Segment Start: Data to process

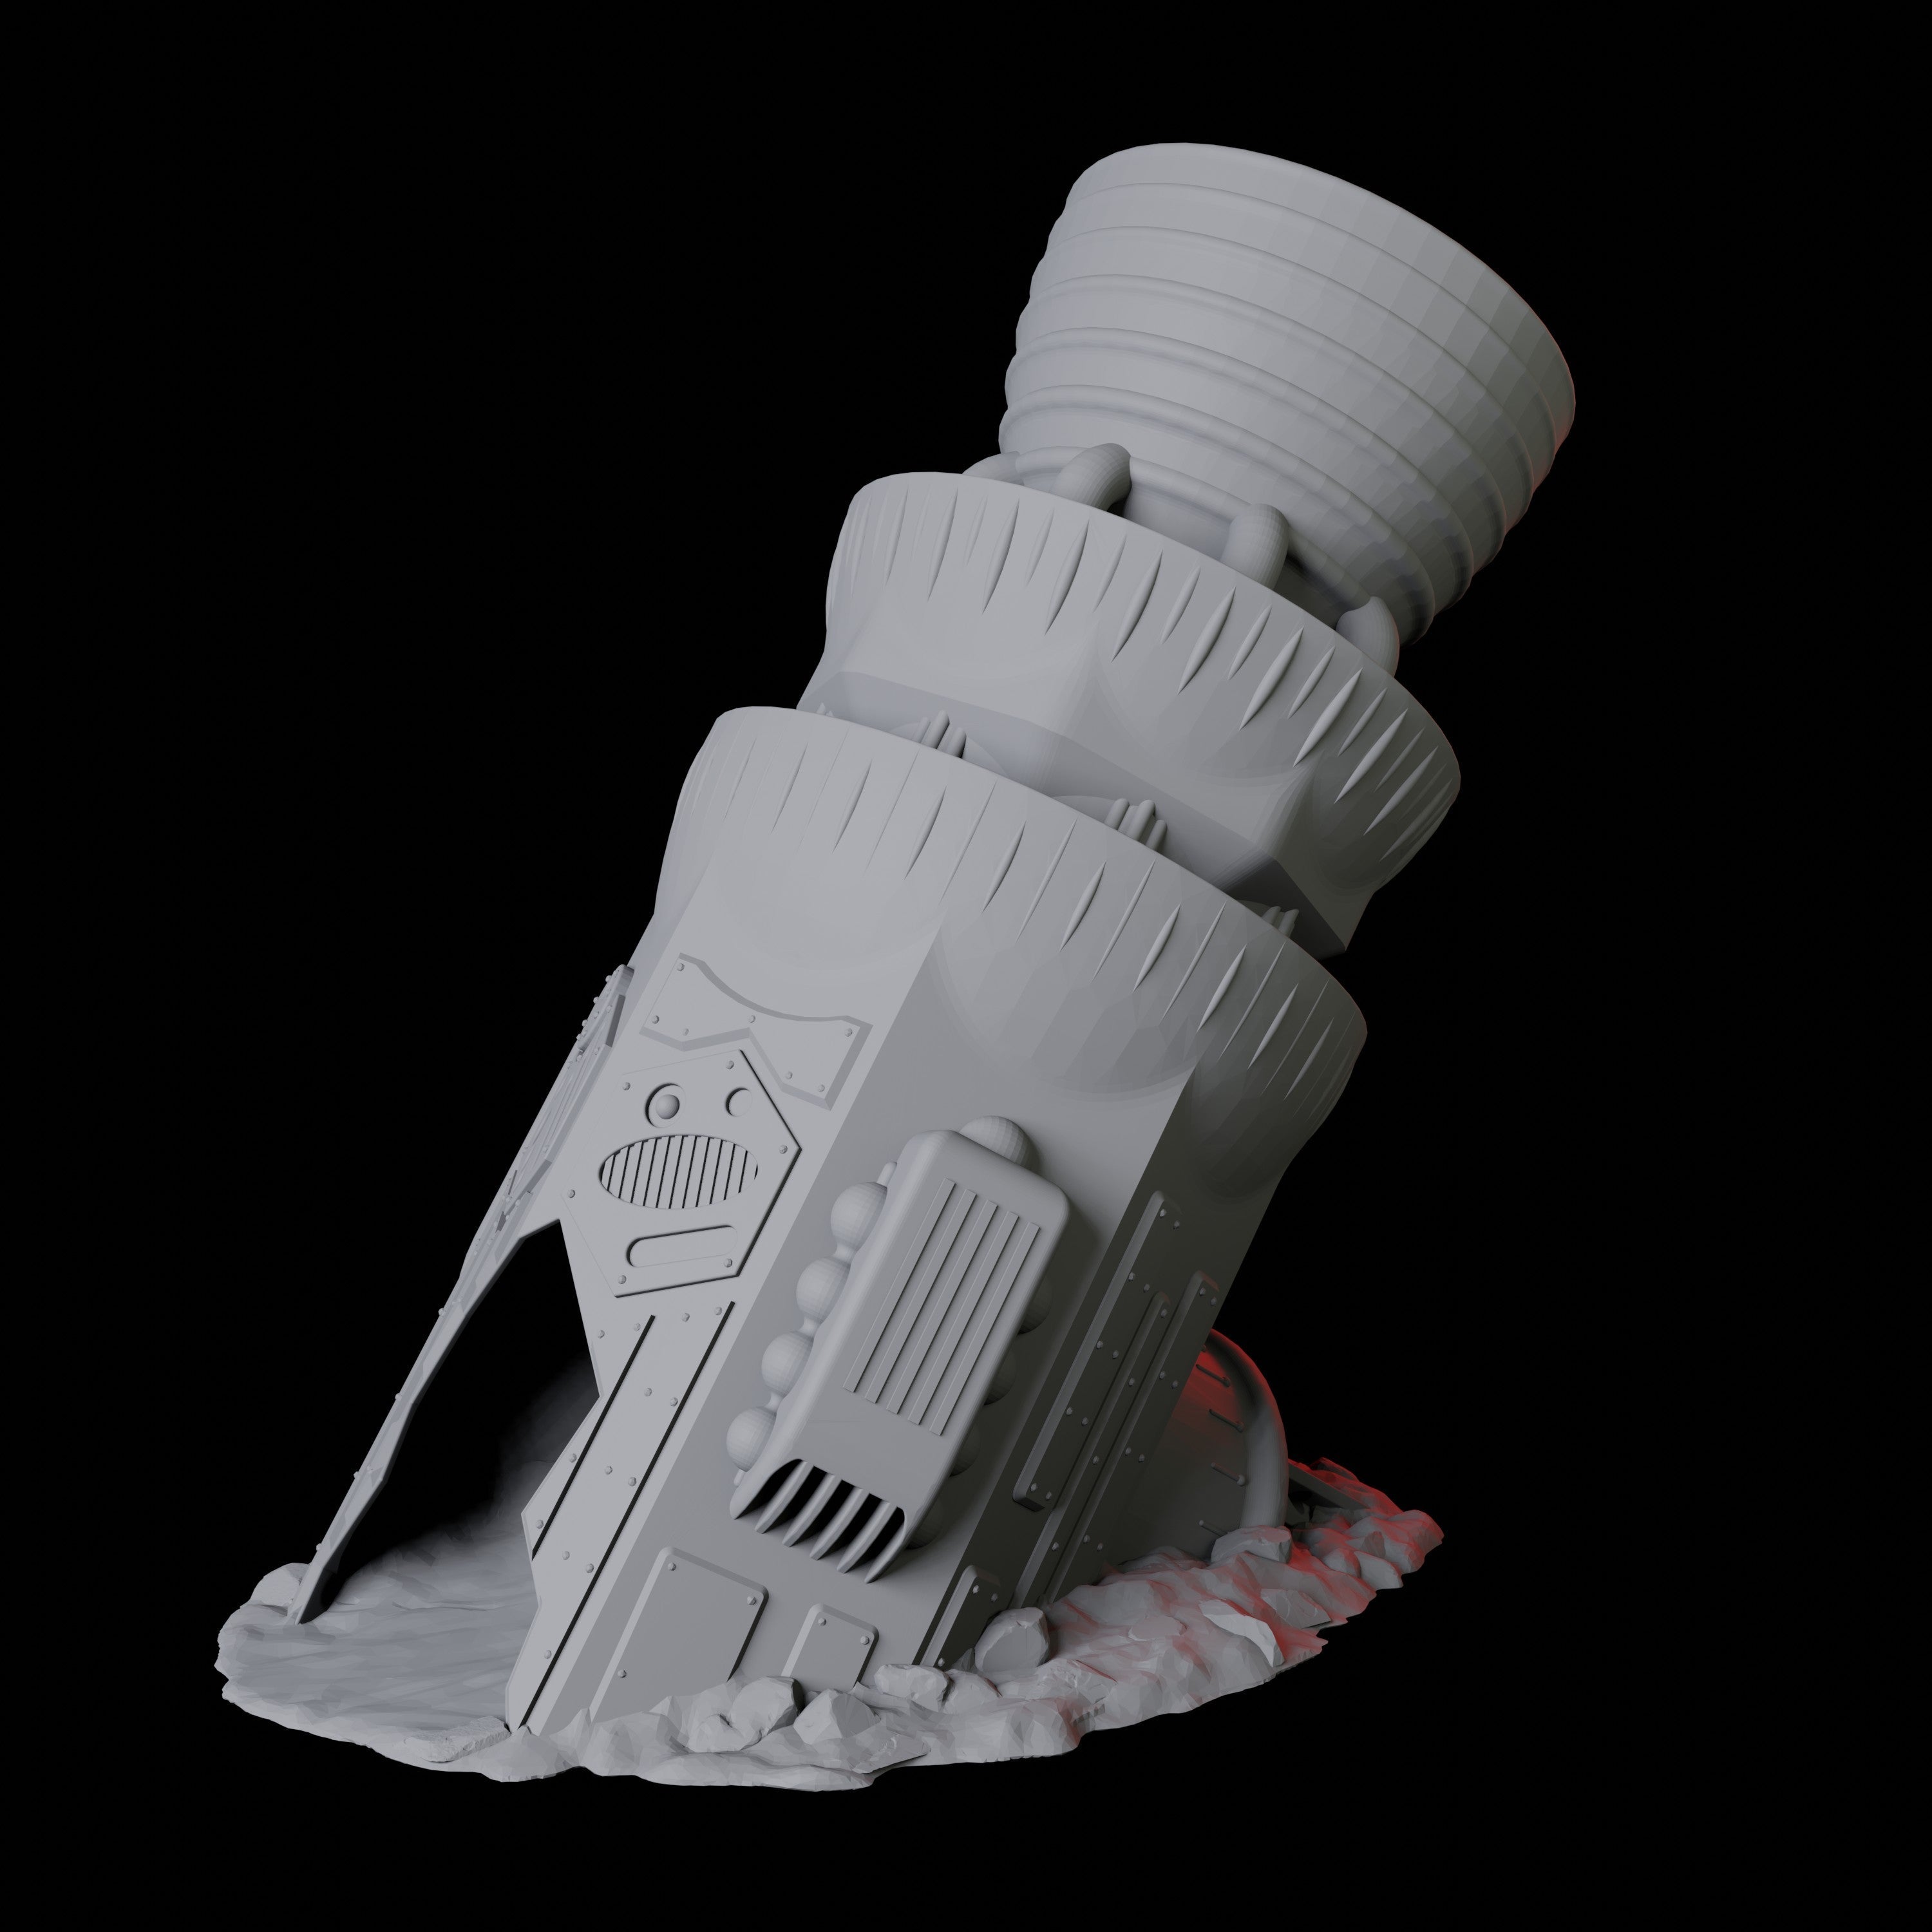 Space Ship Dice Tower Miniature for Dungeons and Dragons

Segment End: Data to process
Segment Start: Data to process

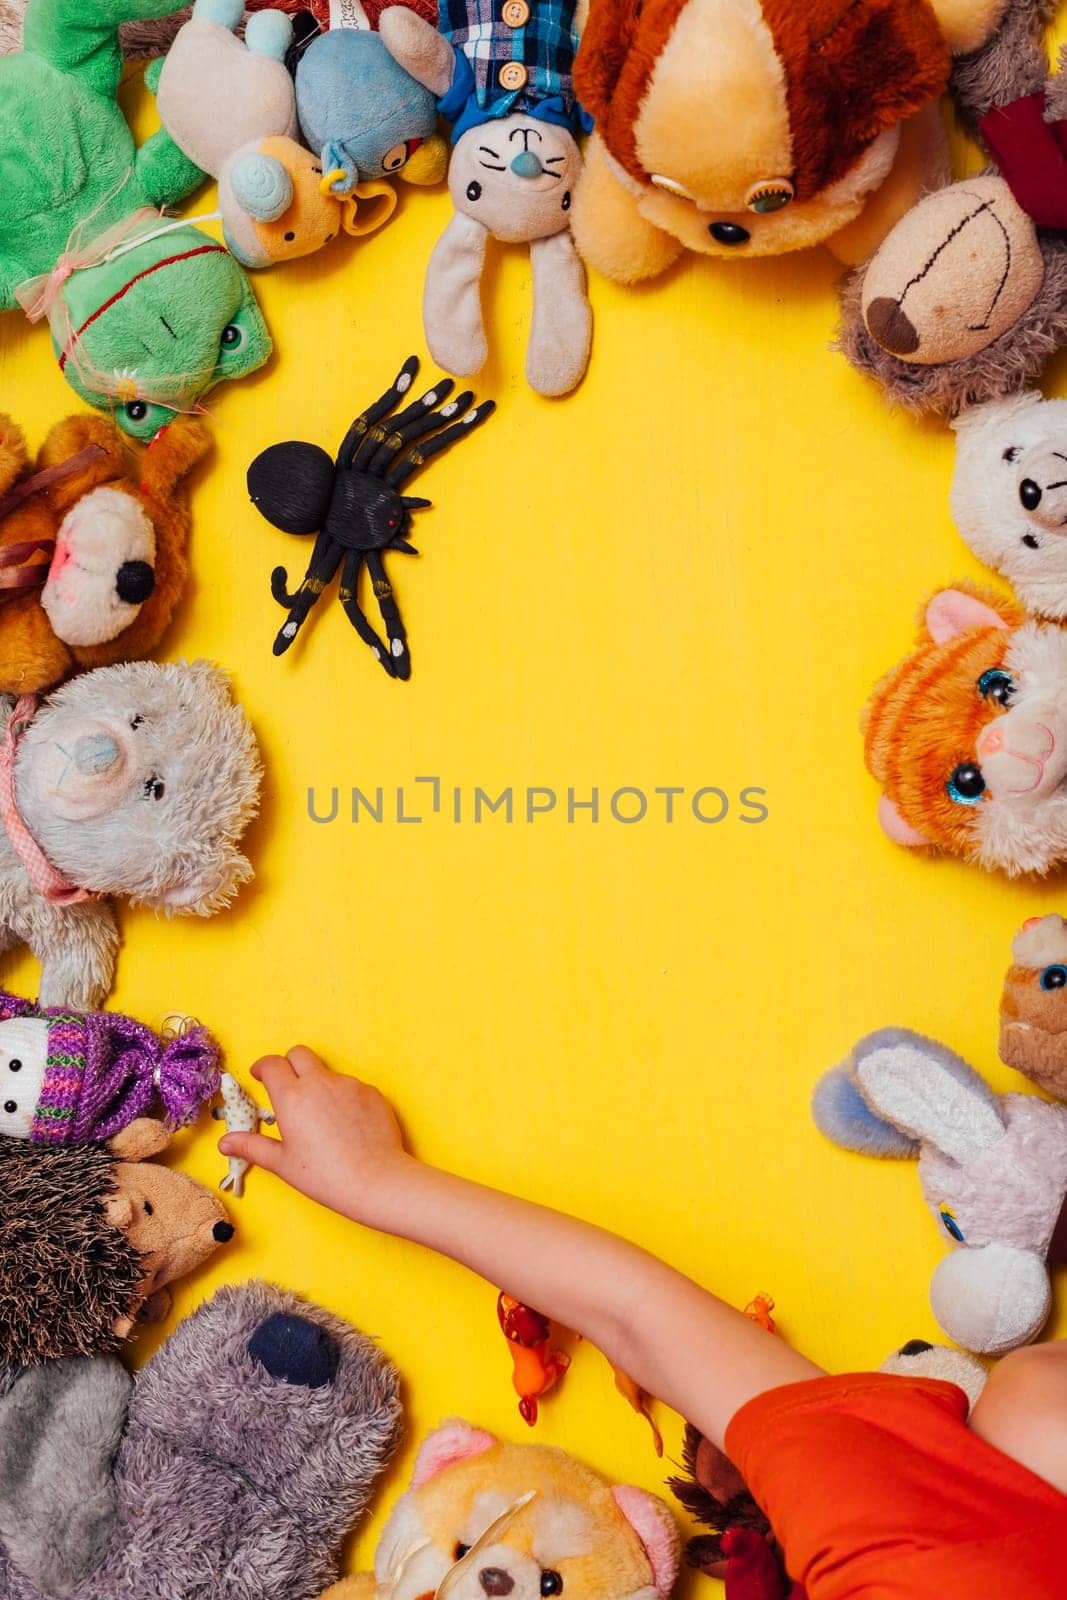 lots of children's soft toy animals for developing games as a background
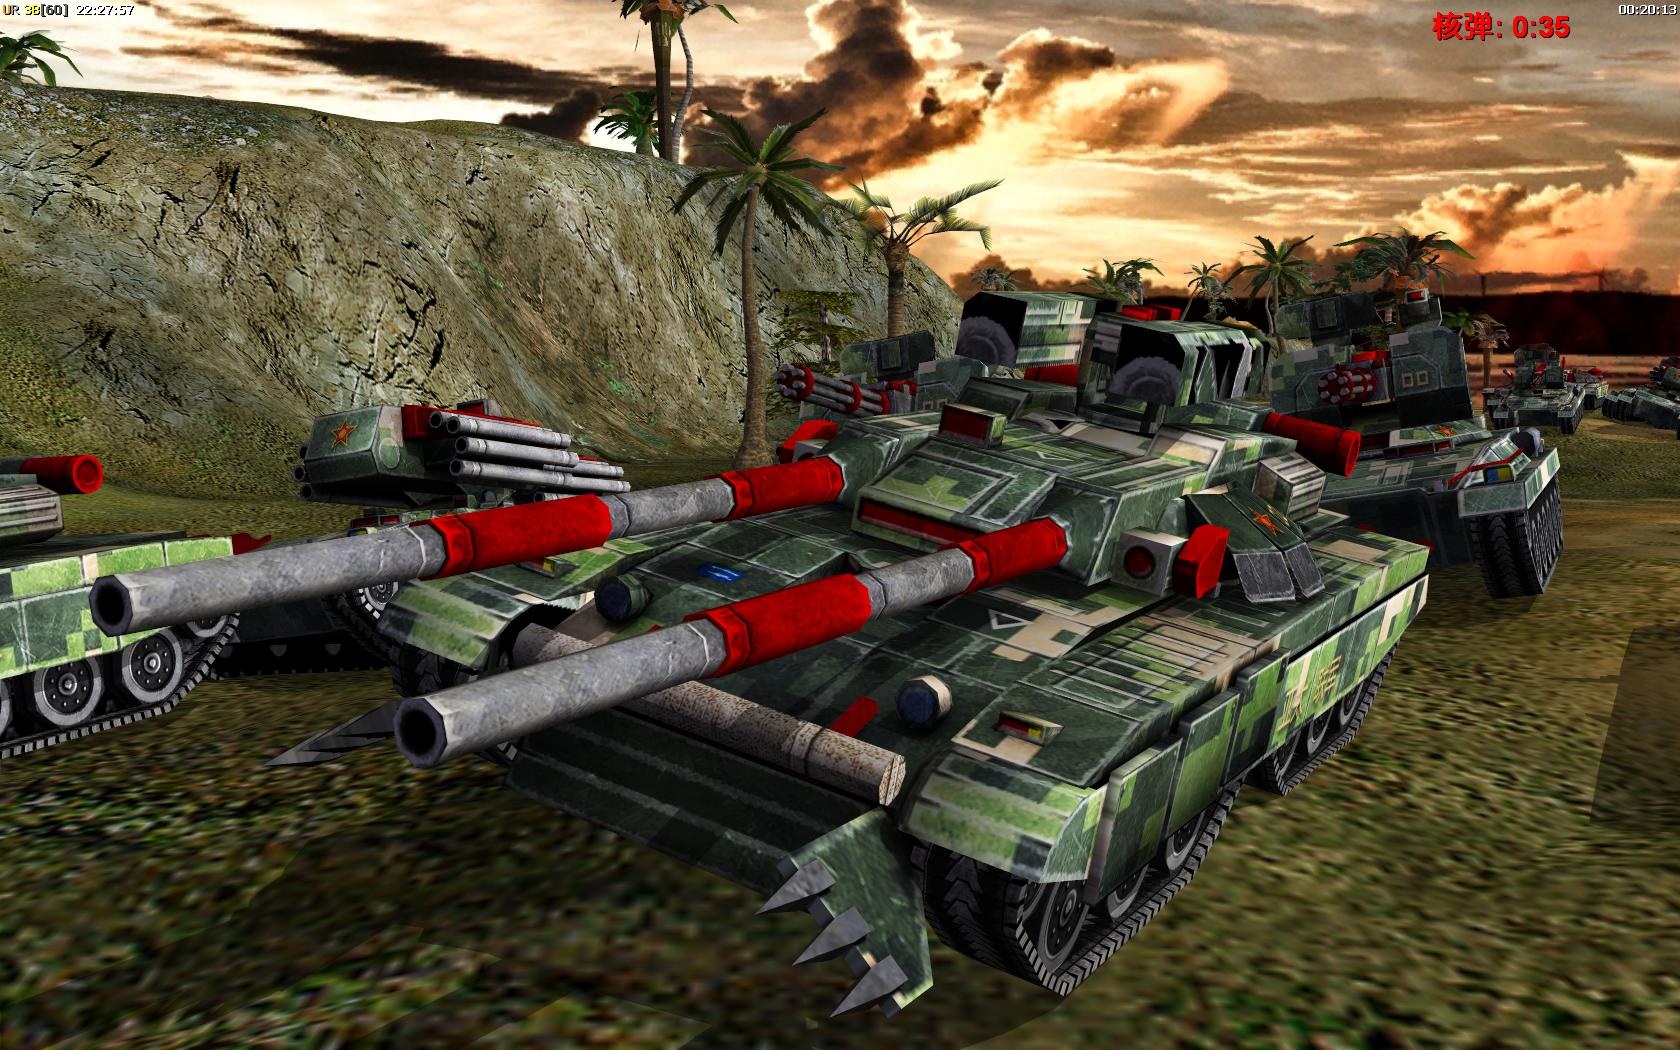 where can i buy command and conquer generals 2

Segment End: Data to process

What to do — Having found the line with "lots of children's" and the line with "where can i" in the material above, write out exactly those two and every line between, leaving the pictures out.

Exercise answer —
 lots of children's soft toy animals for developing games as a background
 where can i buy command and conquer generals 2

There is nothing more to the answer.